I was the one saying those who changed their minds were cowards, and you are right context is everything. What about a man who joined the navy, got on a ship to the other side of the world and then jumped ship and went AWOL (having seen no action)? That was more the kind of thing I had in mind, which is what another relative did. That was cowardice and he knew it, and he regretted it for the rest of his life.

Thymeout · 05/02/2014 19:59

Thankyou, Yegods...

I agree with you that diplomacy could/should have prevented the whole dreadful tragedy. I think they simply didn't realise what 'industrial war' would be like. At the beginning, the Belgians still thought they could employ their cavalry, in dress uniform. At least, we'd had the recent experience of the Boer War. And, of course, it was all going to be over by Christmas.

ProfessorDent · 06/02/2014 14:29

I agree that the war should have been avoided.

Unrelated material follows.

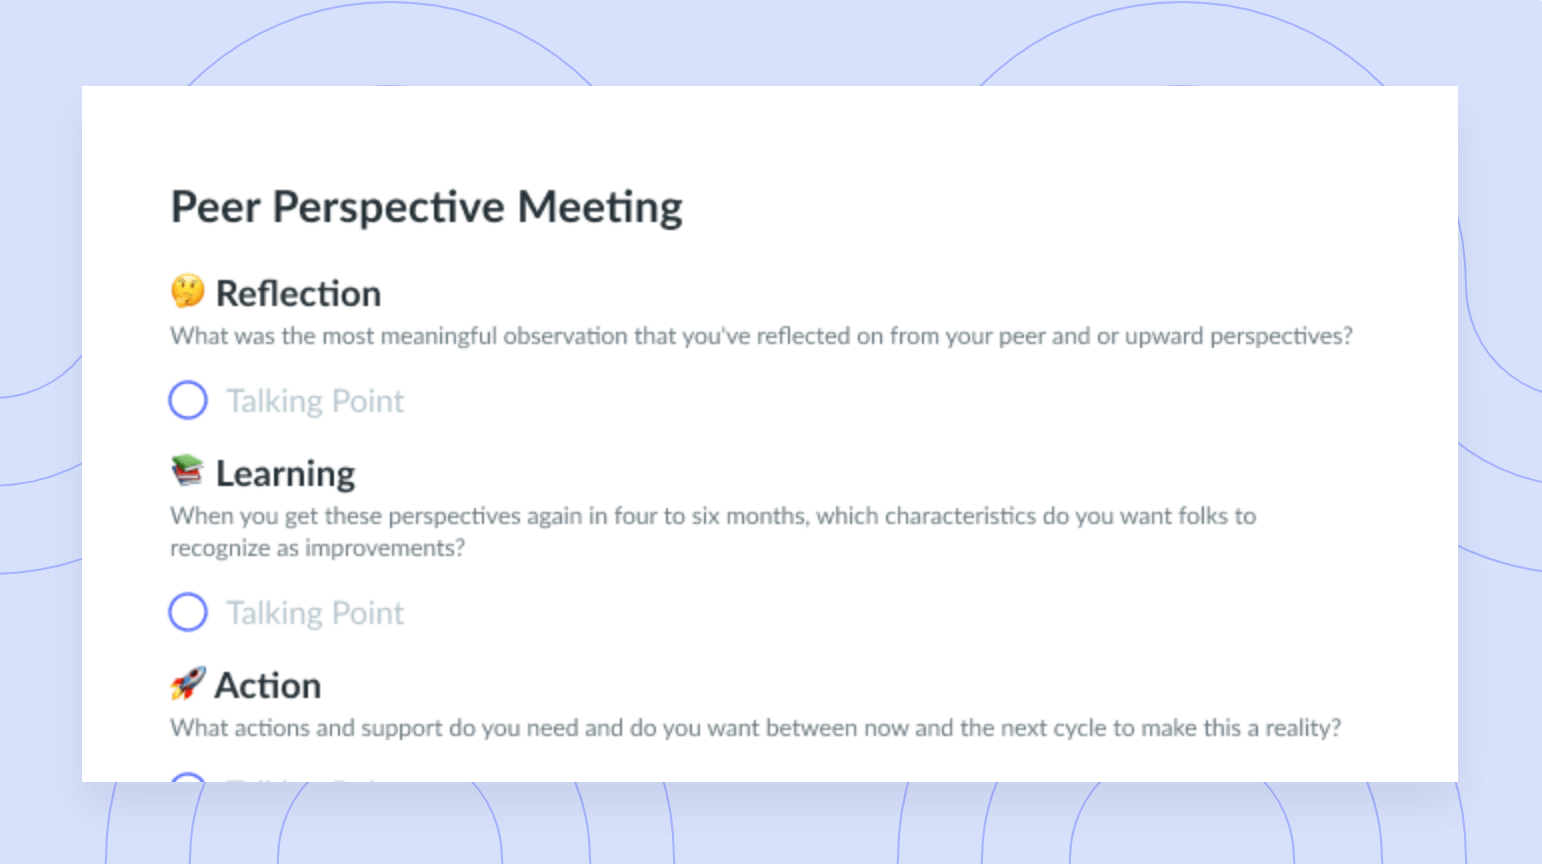 Peer Perspective Meeting Template

But once it was underway, really, what can you do? Let Germany win I suppose you are saying YeGods... Which might just work, I mean maybe things would have been okay in the long run; you would have avoided the rise of Hitler and WW2 on that point. Not sure they knew that at the time, or just how bad trench warfare would turn out to be.

ProfessorDent · 06/02/2014 14:30

Oh, and I don't personally brand it racism or call it such that the English were fighting the Germans in this context, in fact I find it odd when people cry 'racism' when at worst they mean xenophobia. As if killing Germans in a war they started is the same as exterminating the Jews.